ACTIVITY.
Your reply is to be the lines below, exactly as written, with images omitted.

(Stored items from a collection)
--------------------

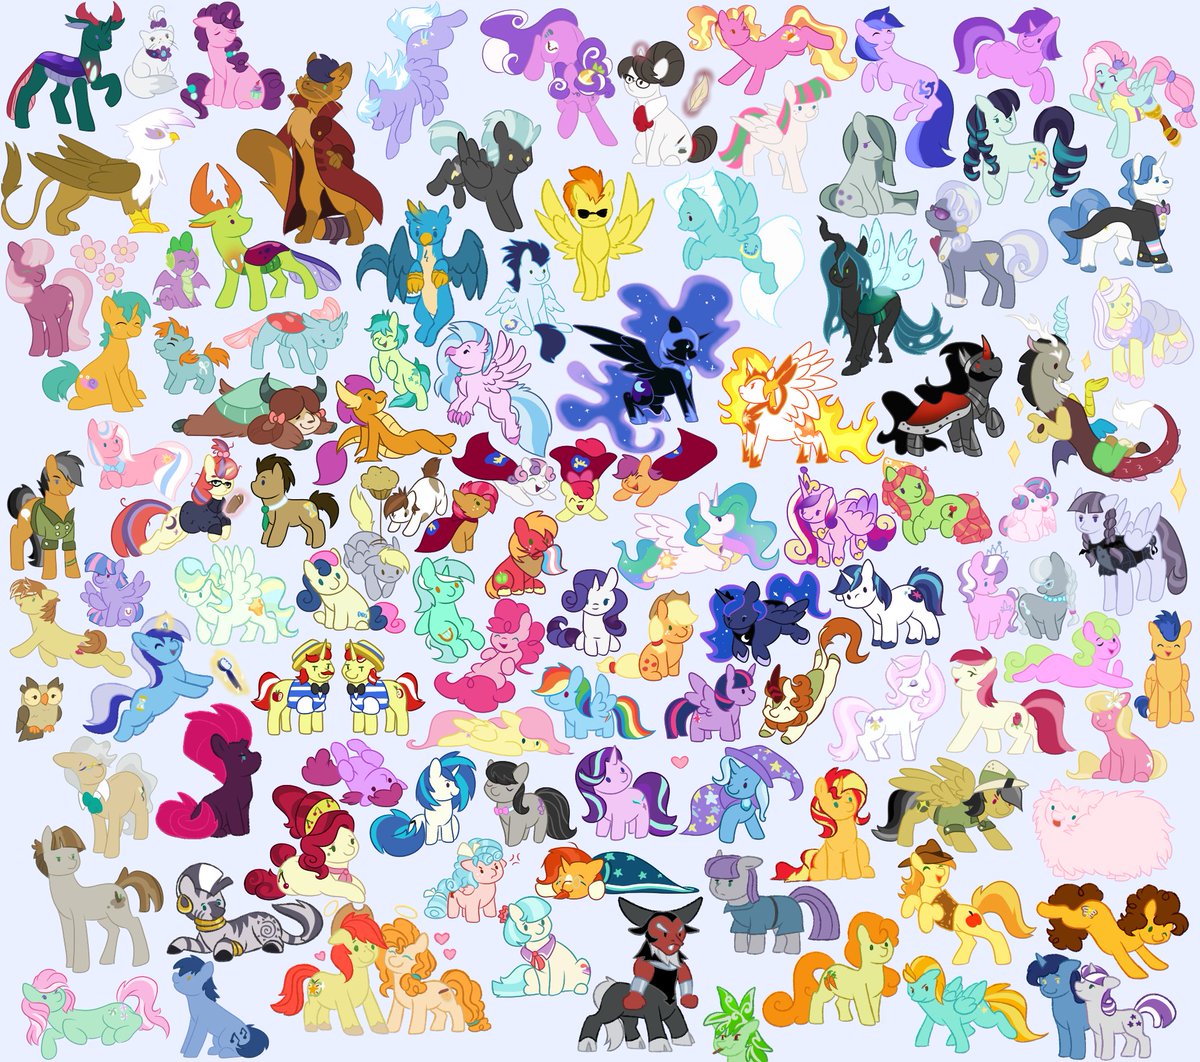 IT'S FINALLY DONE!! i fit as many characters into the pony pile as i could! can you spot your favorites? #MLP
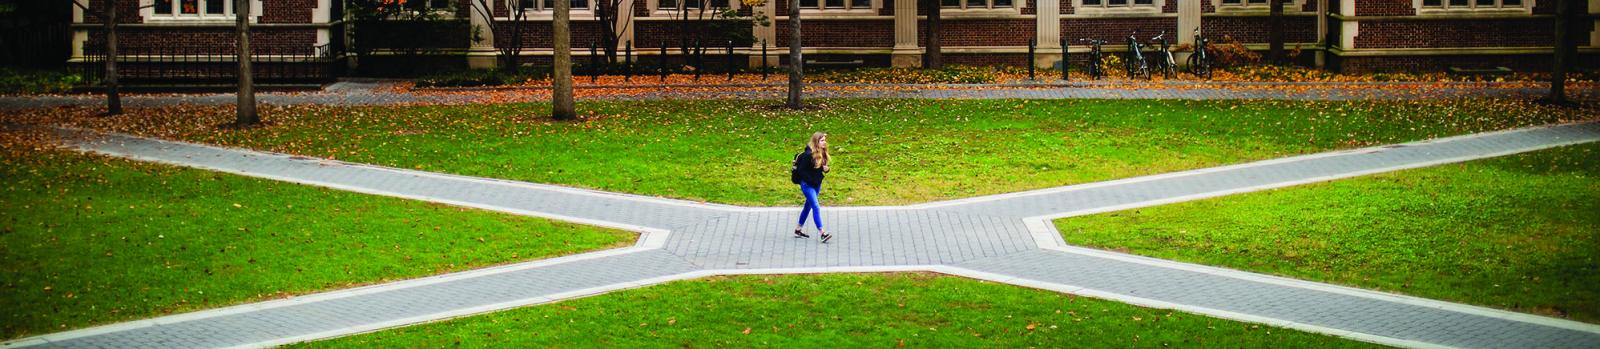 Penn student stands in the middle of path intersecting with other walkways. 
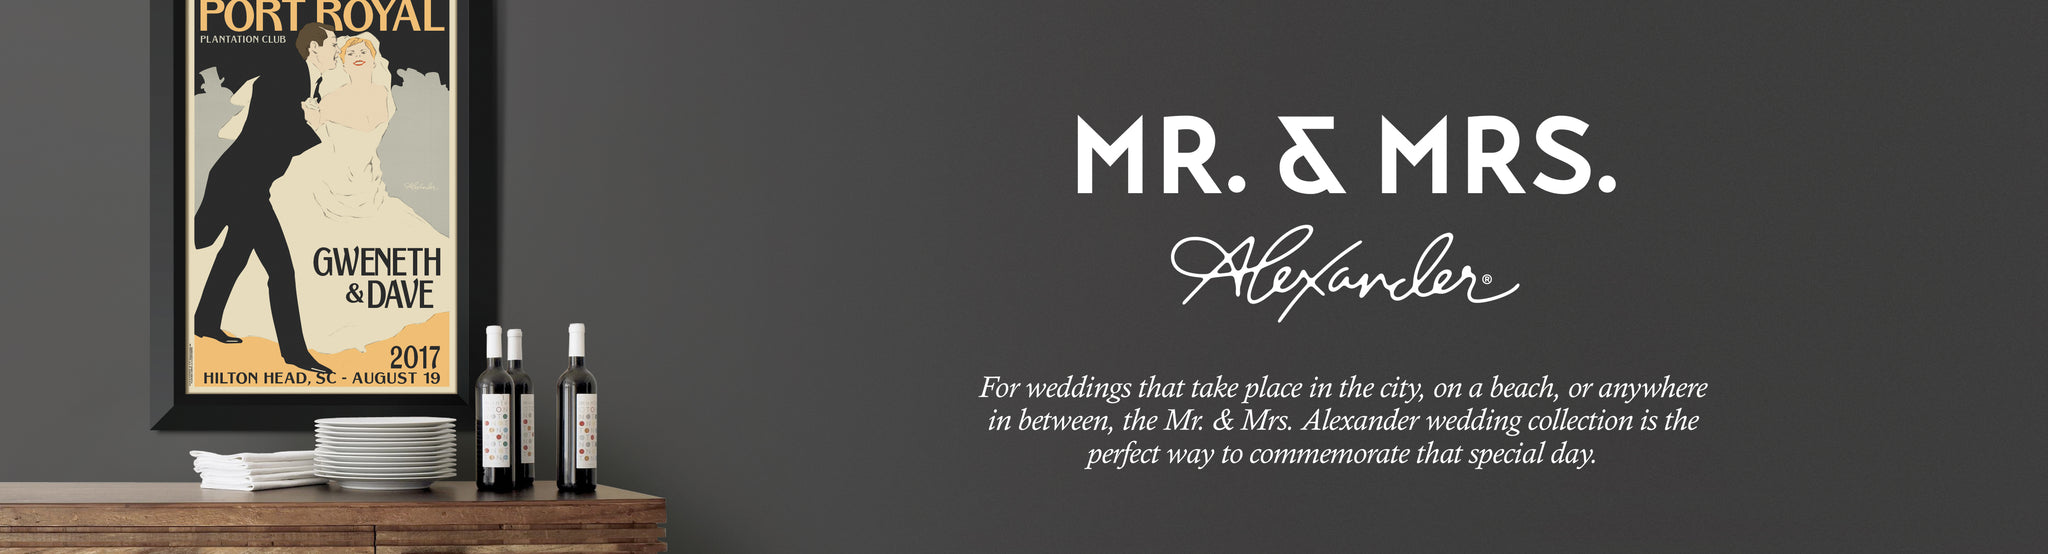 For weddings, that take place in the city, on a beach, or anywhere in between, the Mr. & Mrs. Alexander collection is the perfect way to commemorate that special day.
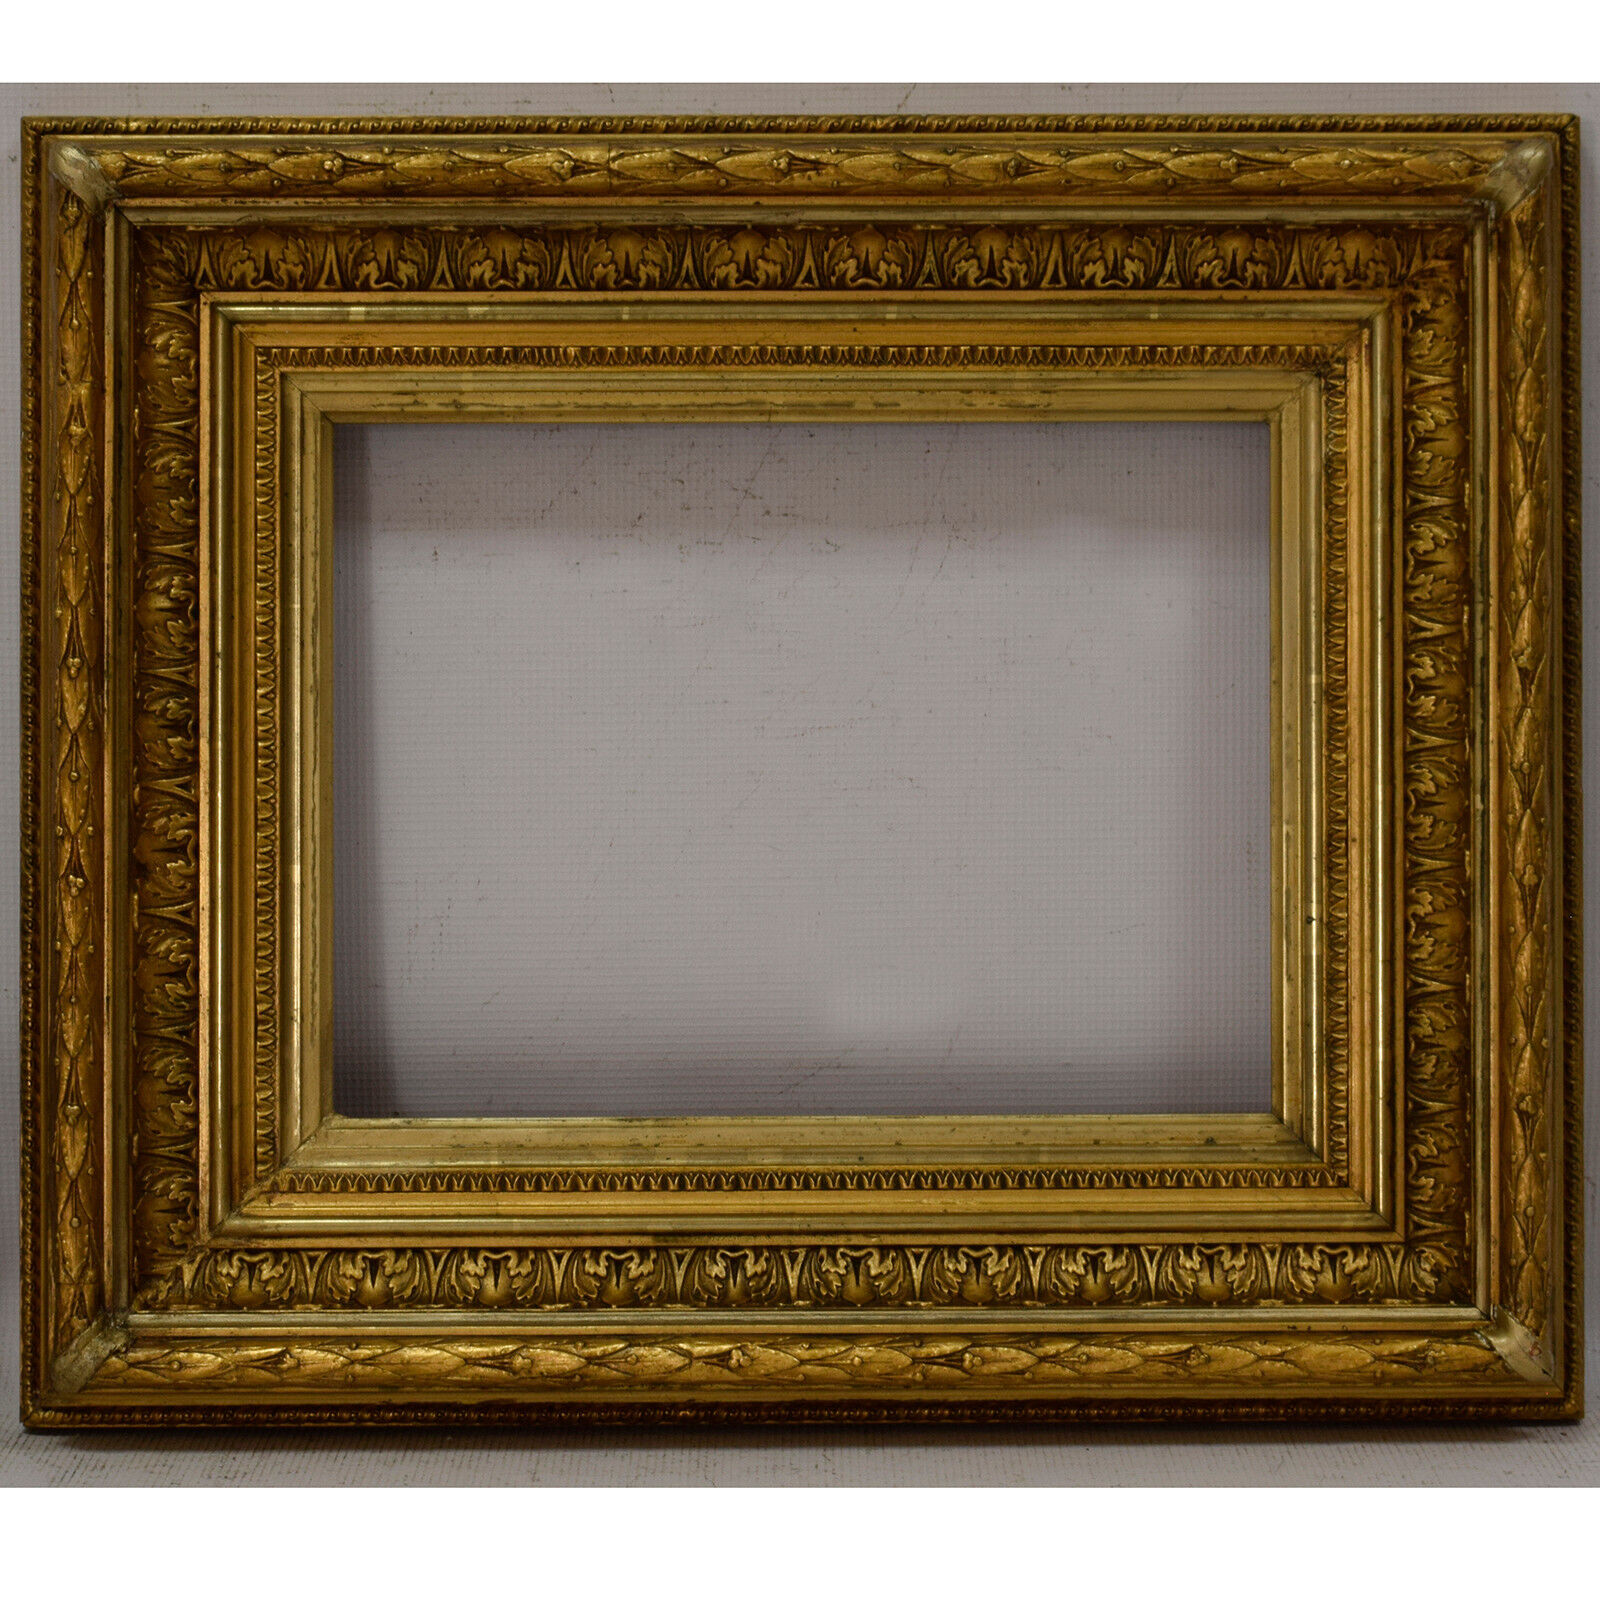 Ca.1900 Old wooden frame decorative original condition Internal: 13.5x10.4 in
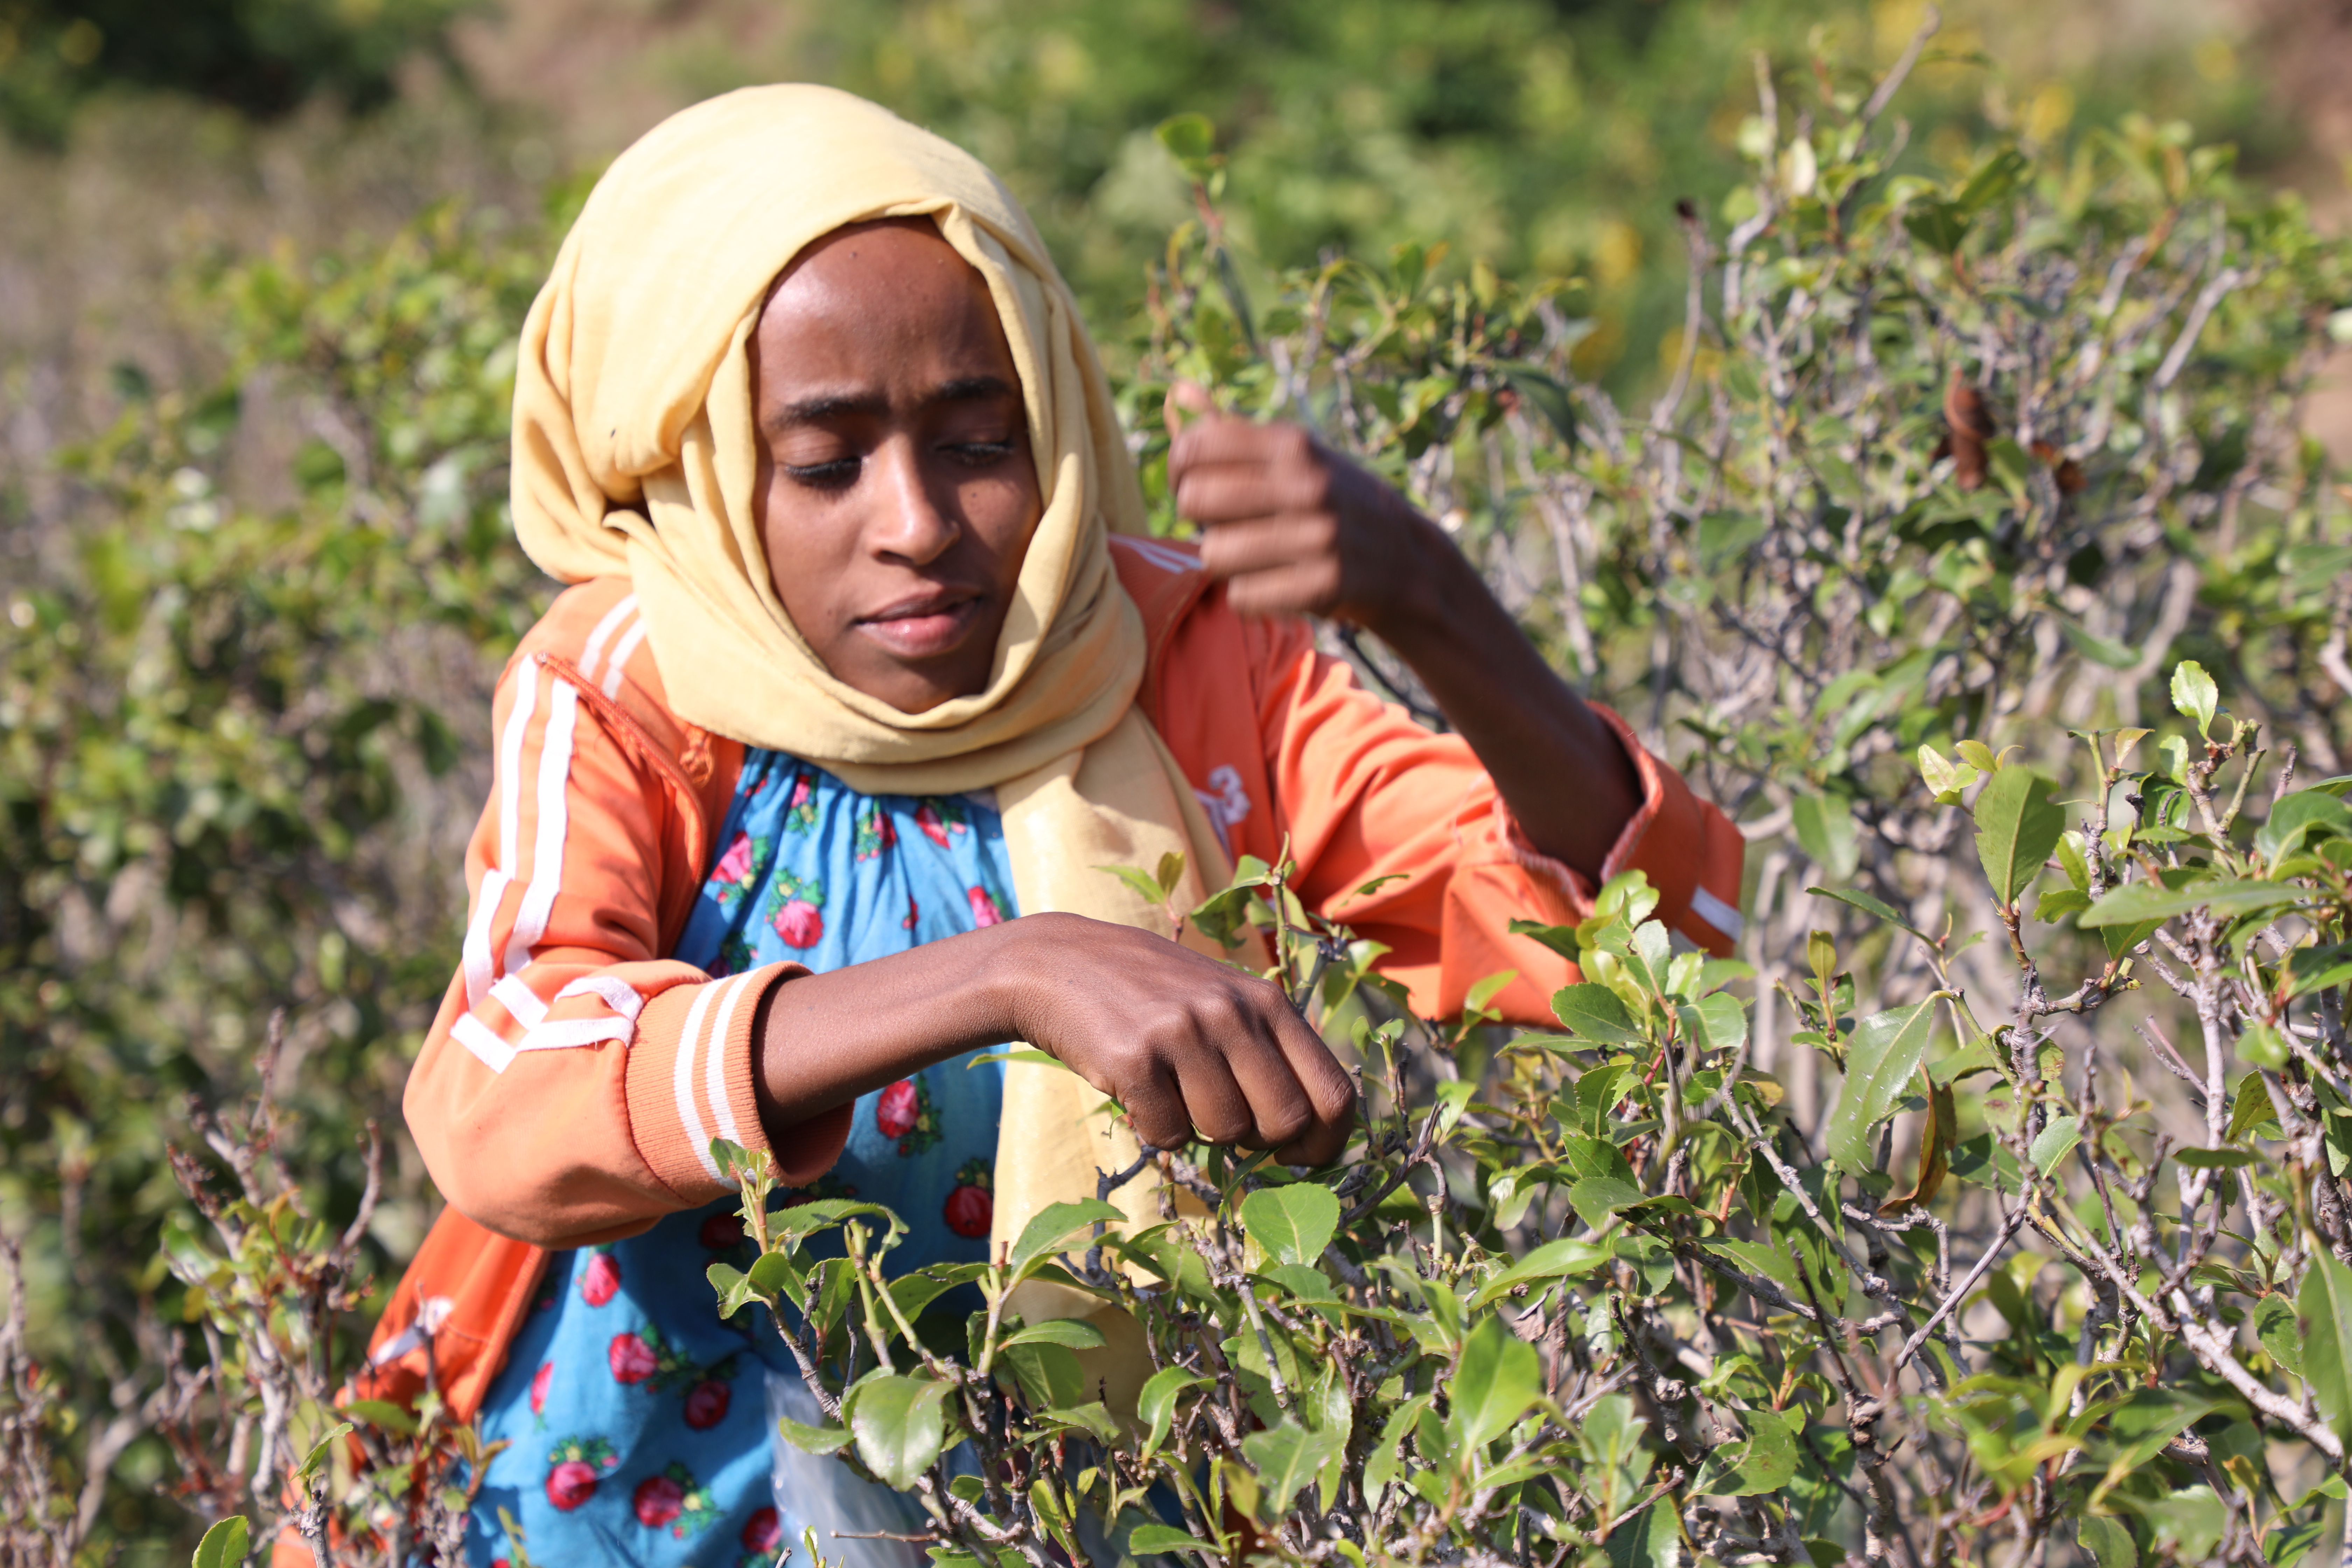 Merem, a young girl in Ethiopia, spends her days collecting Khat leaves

--------------------

TASK OUTPUT.
 IT'S FINALLY DONE!! i fit as many characters into the pony pile as i could! can you spot your favorites? #MLP
 Penn student stands in the middle of path intersecting with other walkways. 
 For weddings, that take place in the city, on a beach, or anywhere in between, the Mr. & Mrs. Alexander collection is the perfect way to commemorate that special day.
 Ca.1900 Old wooden frame decorative original condition Internal: 13.5x10.4 in
 Merem, a young girl in Ethiopia, spends her days collecting Khat leaves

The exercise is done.